**What you have to do**. From the listing below, reproduce exactly the lines starting with the one with "Coffee Shop Classic" and going on through the one with "Аллергический конъюнктивит у", both ends kept. No picture is copied.

**Supplied data**.
::::
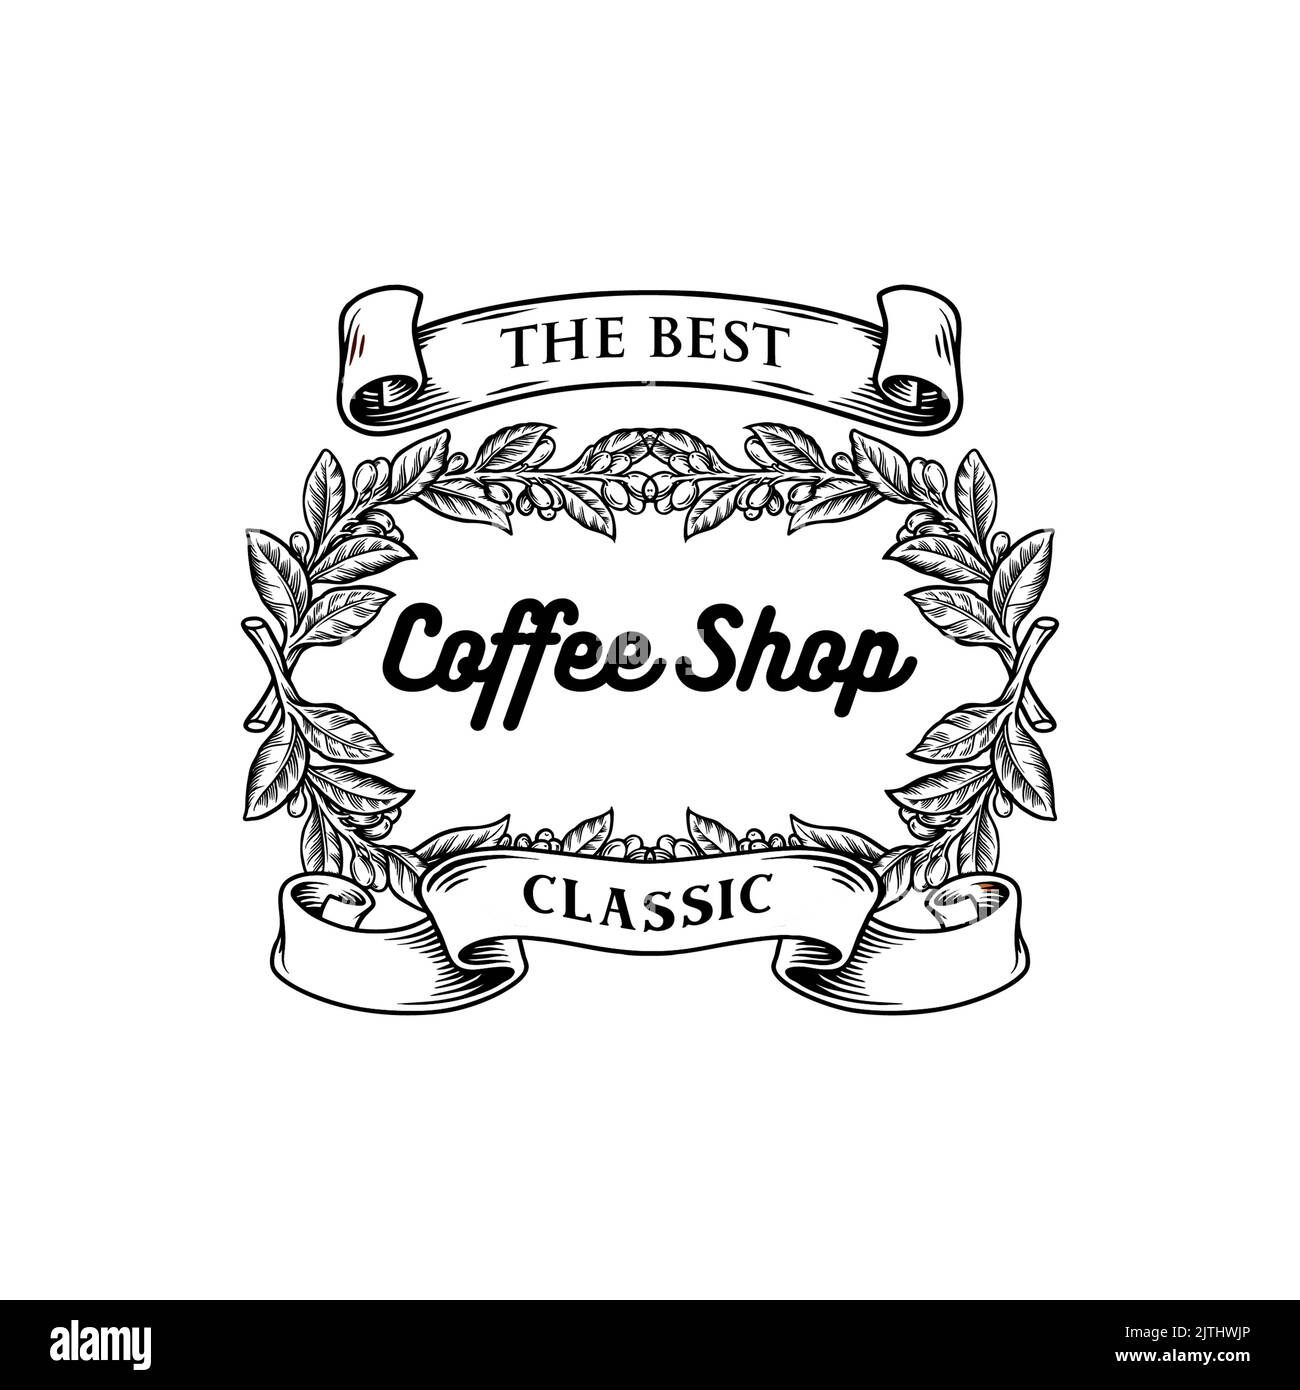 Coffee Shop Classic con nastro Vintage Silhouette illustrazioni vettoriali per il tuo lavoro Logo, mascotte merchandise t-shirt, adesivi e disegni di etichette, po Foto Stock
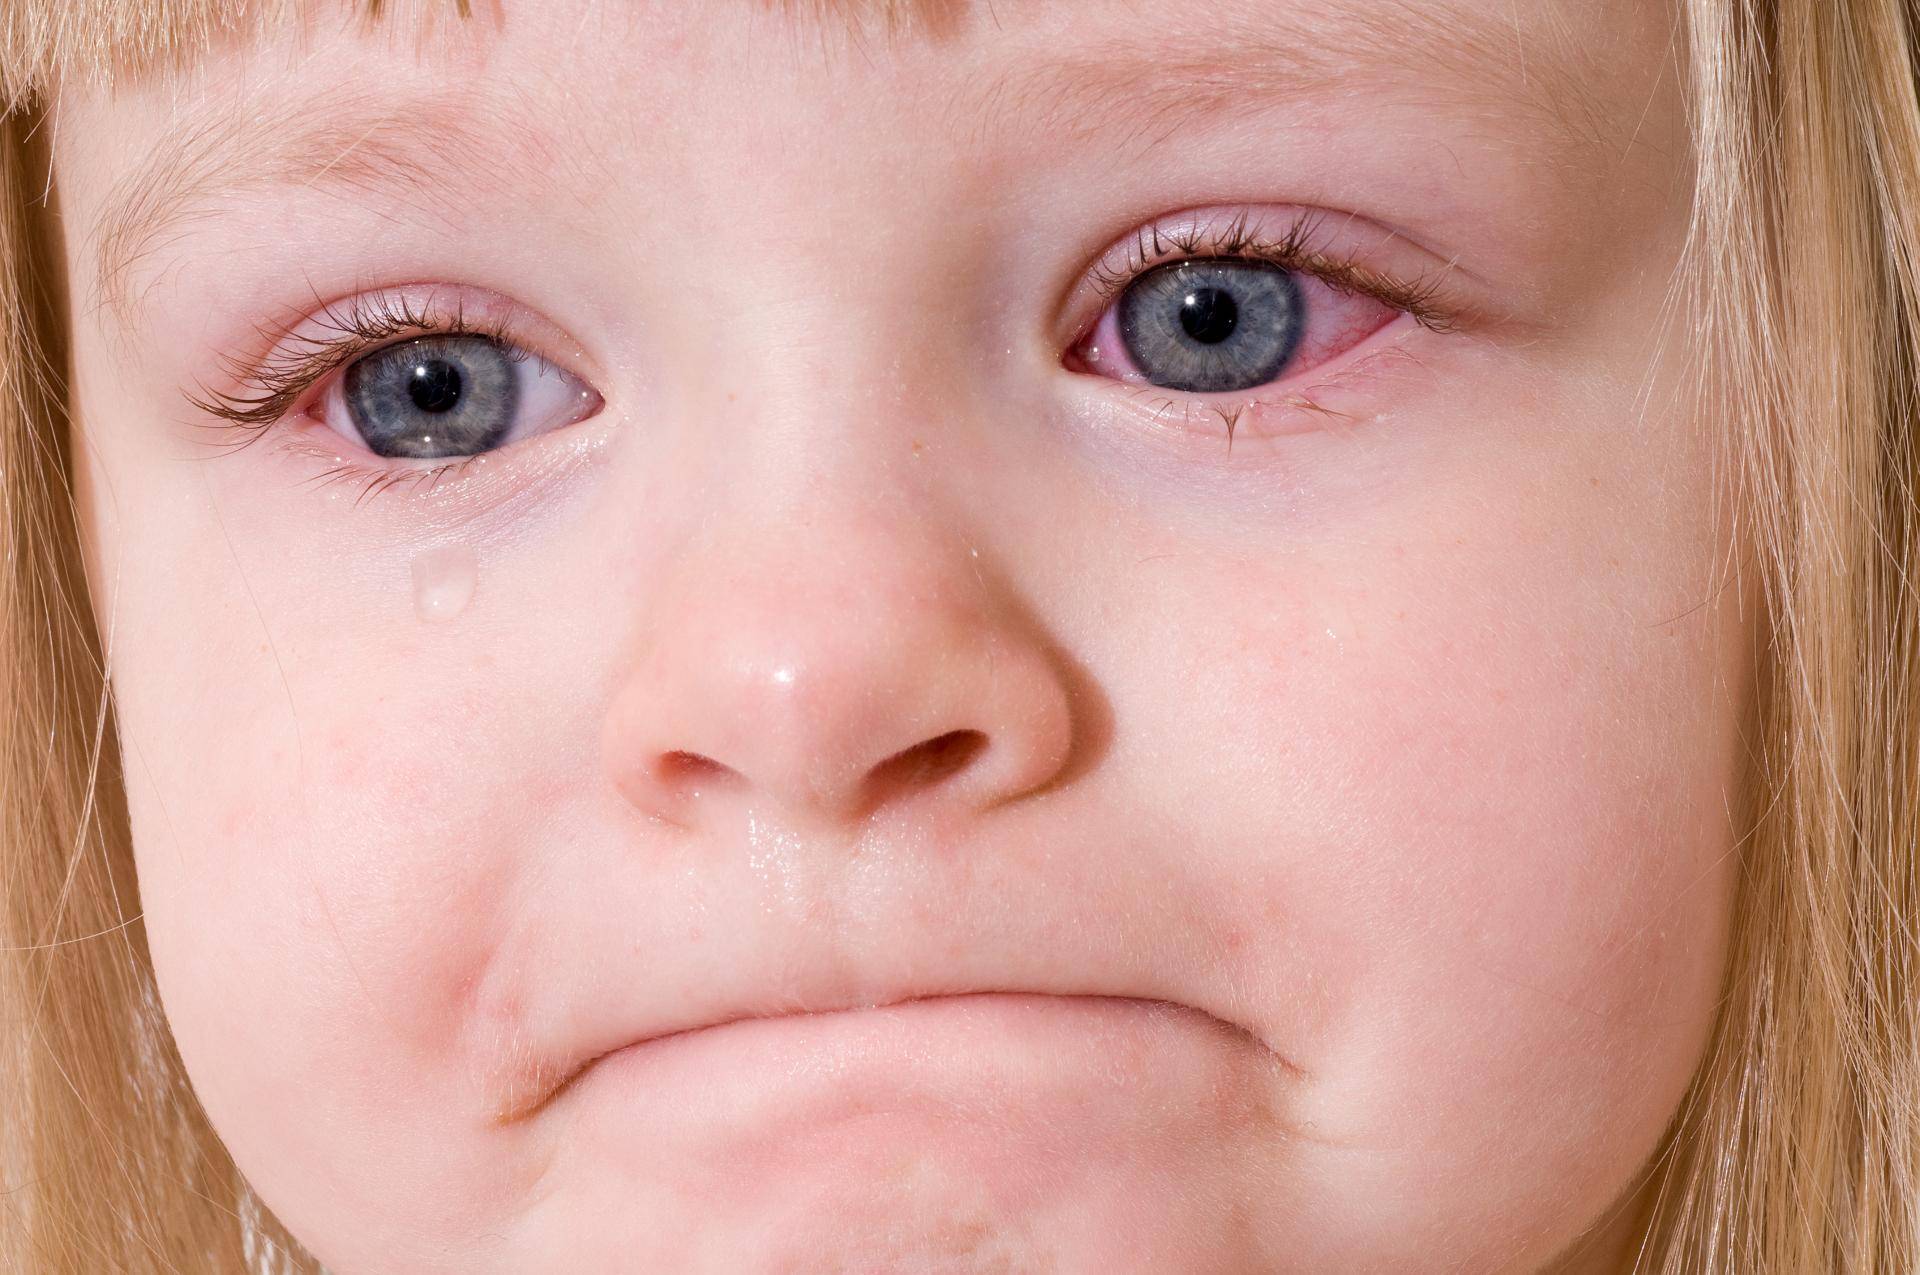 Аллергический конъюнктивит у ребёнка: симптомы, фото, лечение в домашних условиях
::::
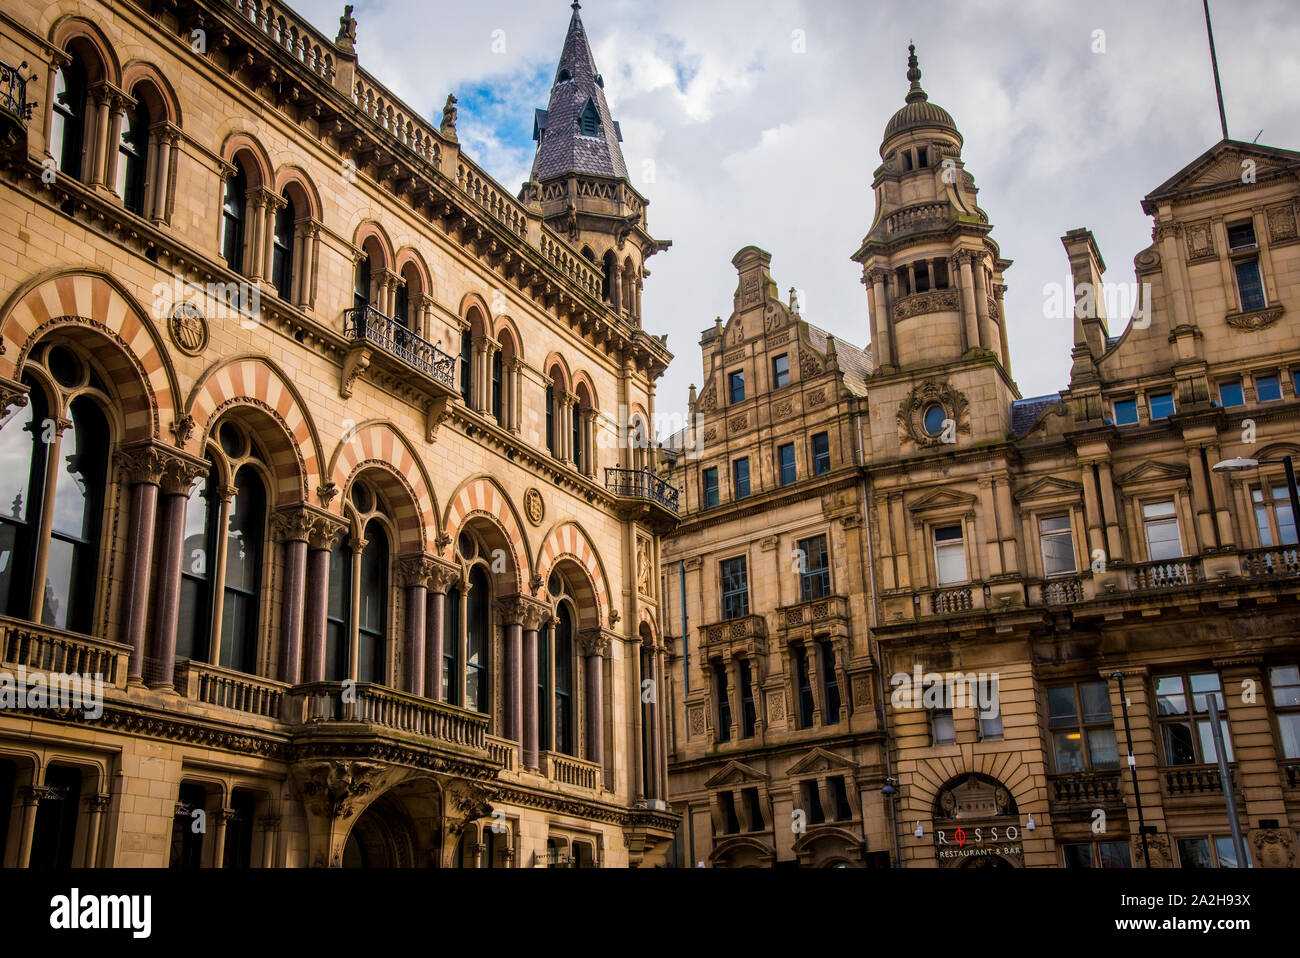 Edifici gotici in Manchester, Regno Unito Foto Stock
::::
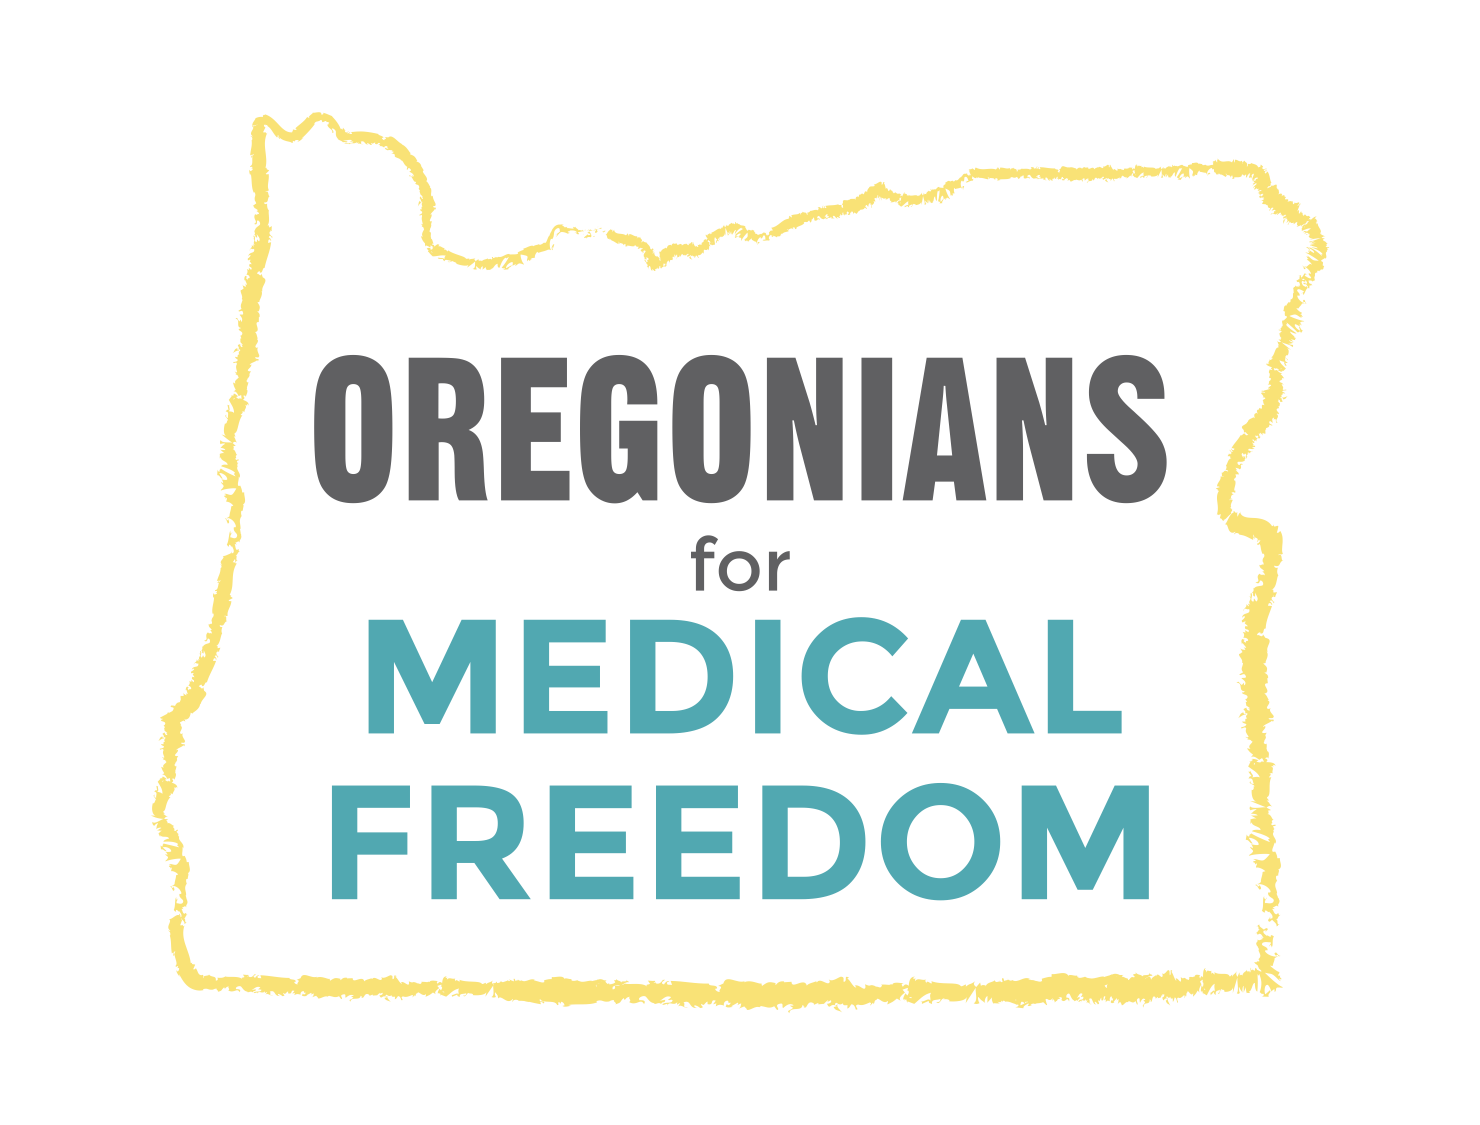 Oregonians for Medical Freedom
::::
**Result of the exercise**.
 Coffee Shop Classic con nastro Vintage Silhouette illustrazioni vettoriali per il tuo lavoro Logo, mascotte merchandise t-shirt, adesivi e disegni di etichette, po Foto Stock
 Аллергический конъюнктивит у ребёнка: симптомы, фото, лечение в домашних условиях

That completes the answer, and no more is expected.